▶ [PROBLEM TO SOLVE]: All of the listing should be output exactly, apart from the pictures.

▶ [SOURCE MATERIAL]:
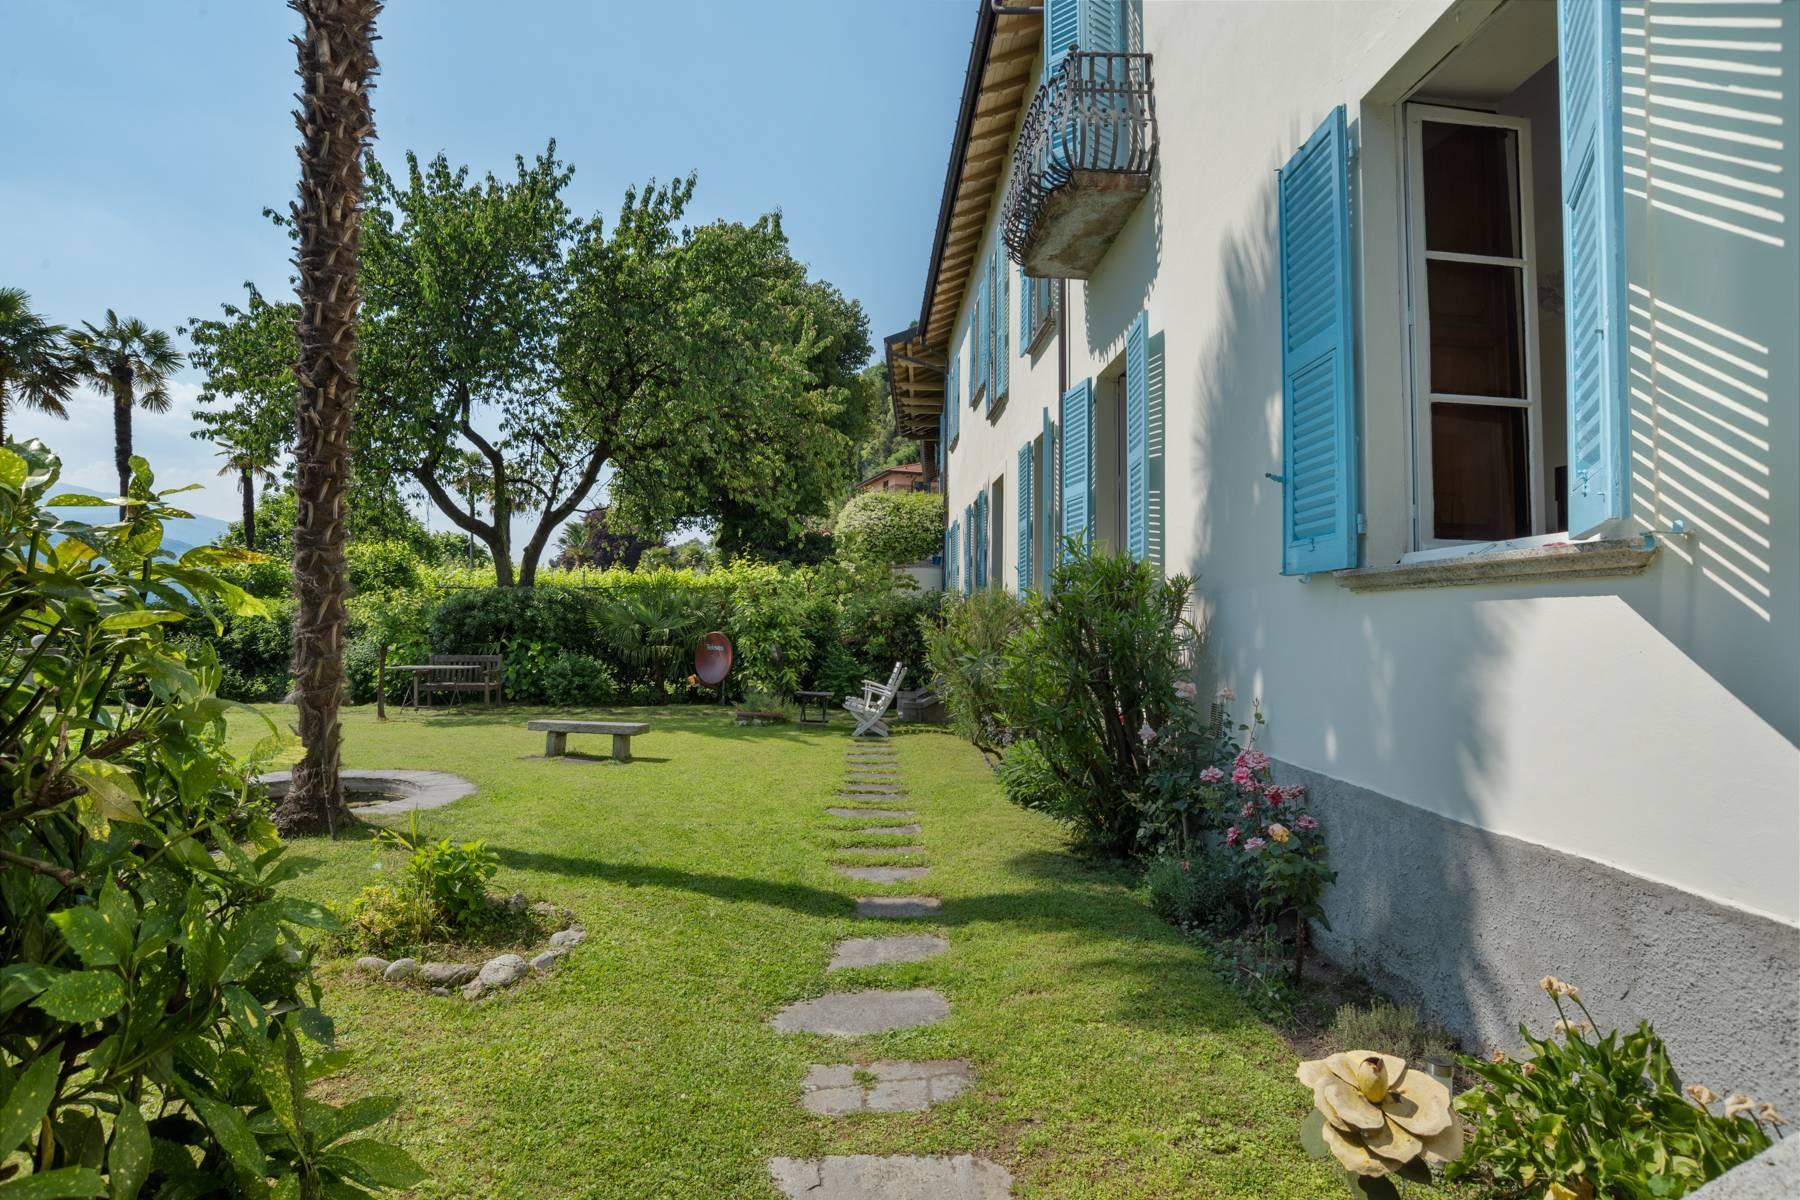 Casa storica direttamente sul lago Maggiore - 45
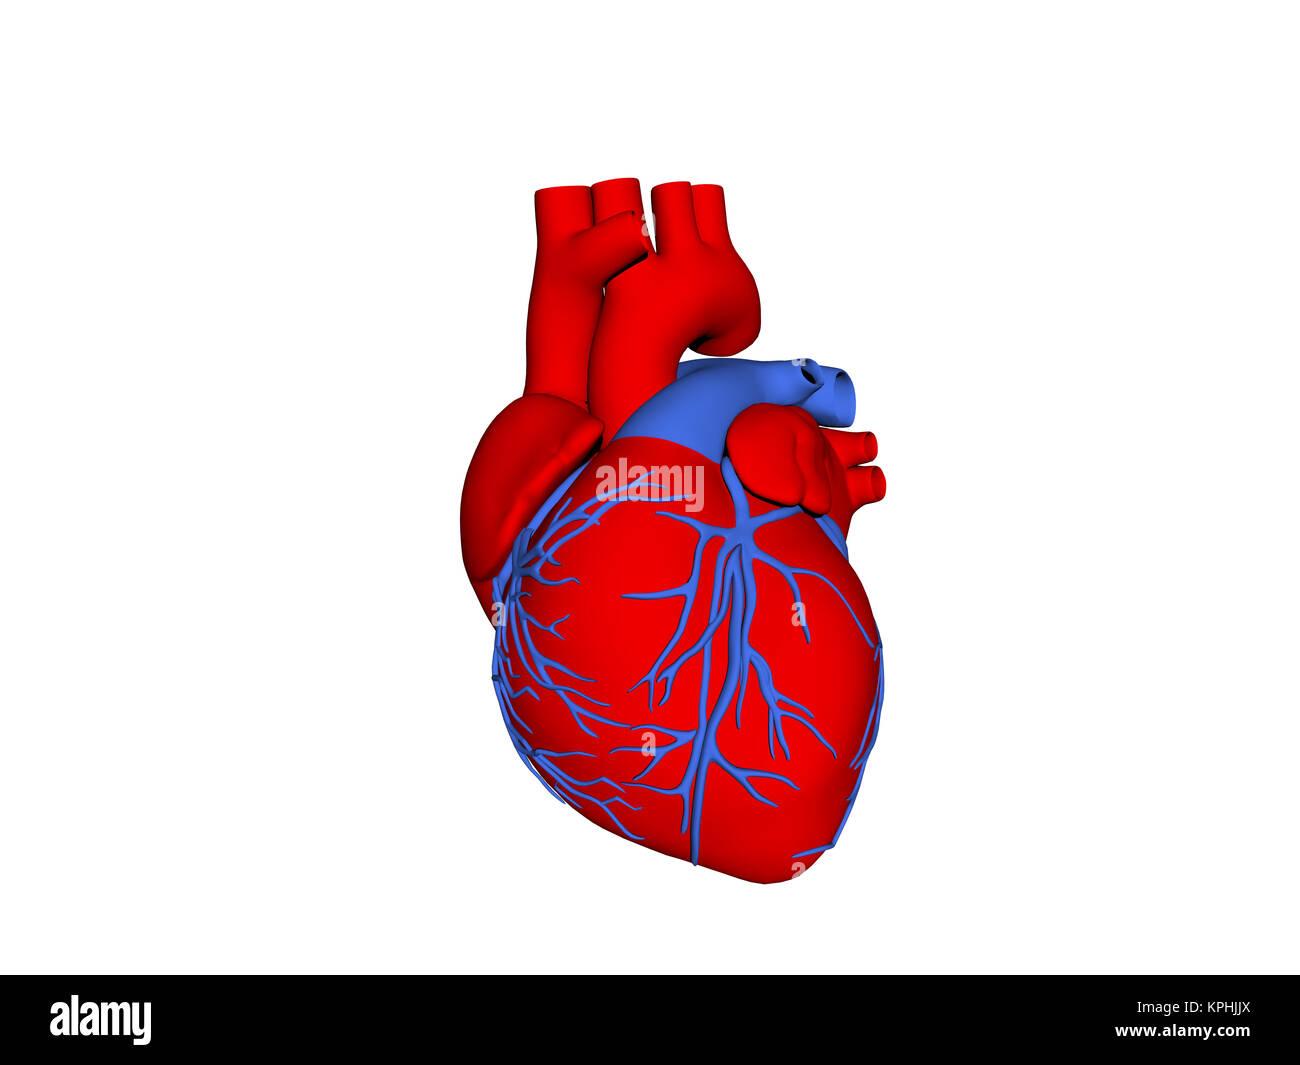 Ziemlich Bilder Menschliches Herz Zeitgenössisch - Menschliche ...
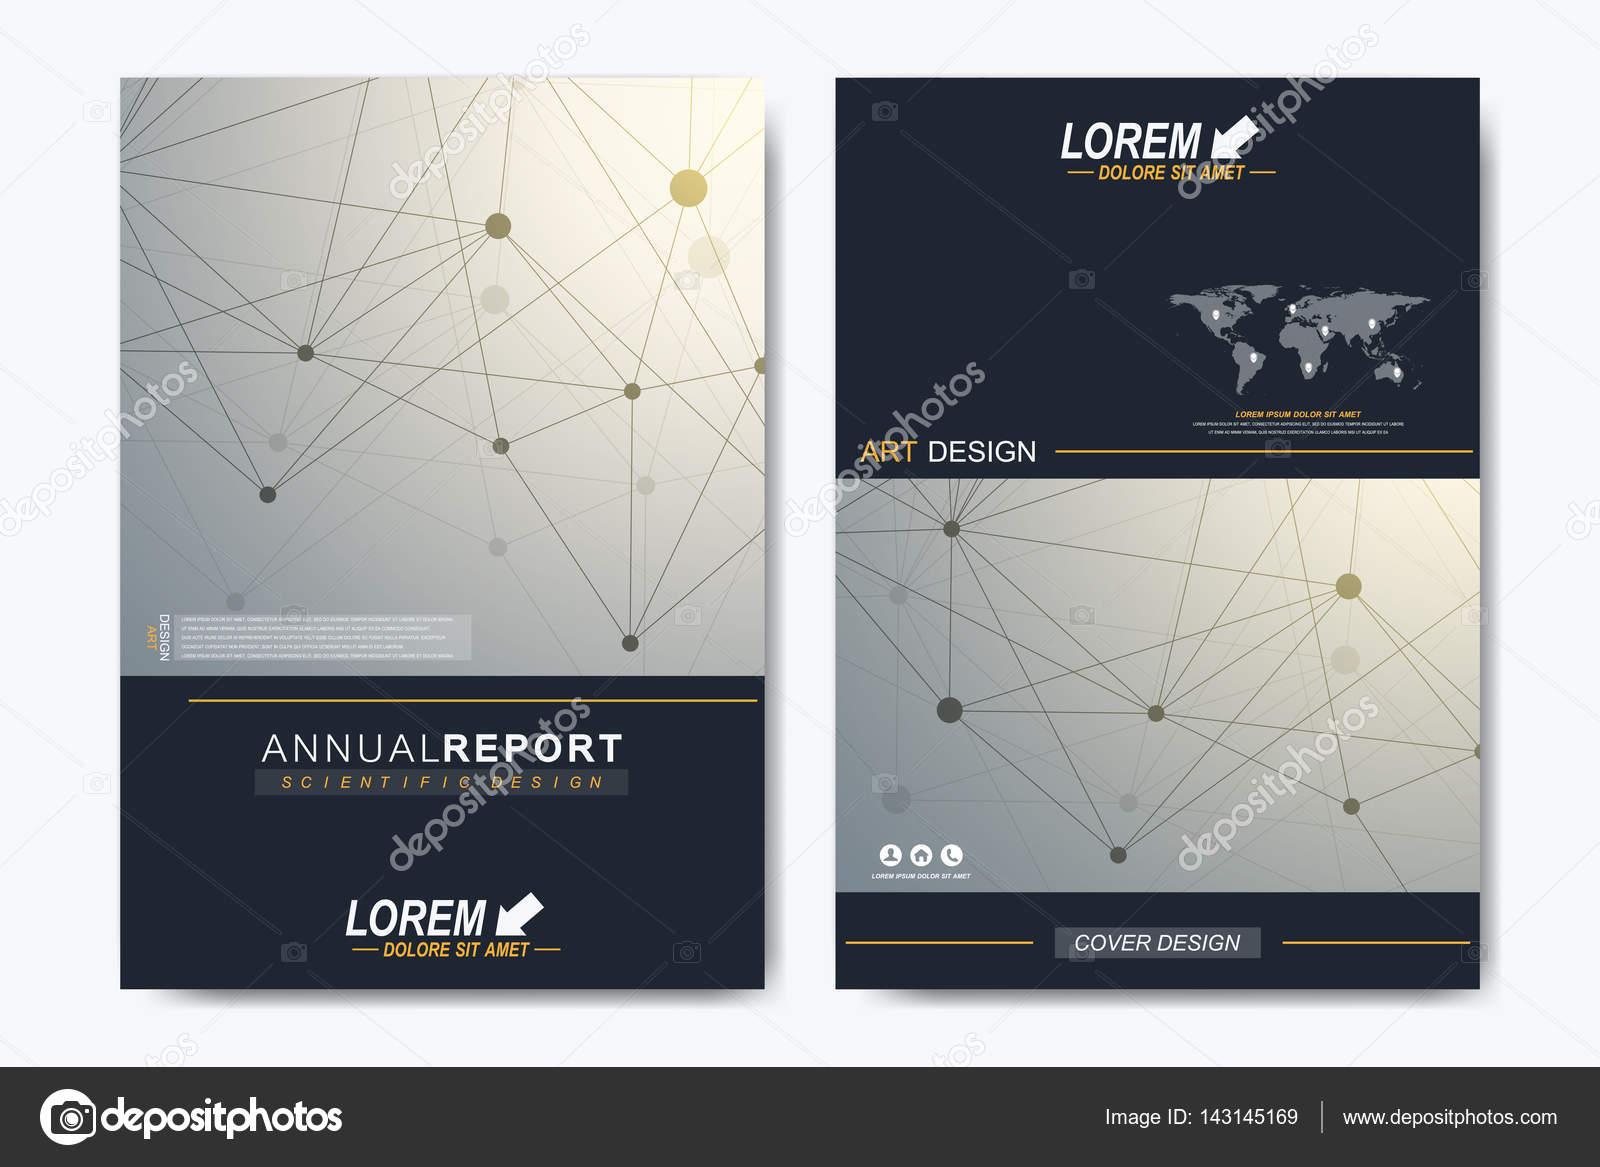 de vector moderno para folleto, prospecto, folleto, anuncio ...

▶ [EXERCISE SOLUTION]:
 Casa storica direttamente sul lago Maggiore - 45
 Ziemlich Bilder Menschliches Herz Zeitgenössisch - Menschliche ...
 de vector moderno para folleto, prospecto, folleto, anuncio ...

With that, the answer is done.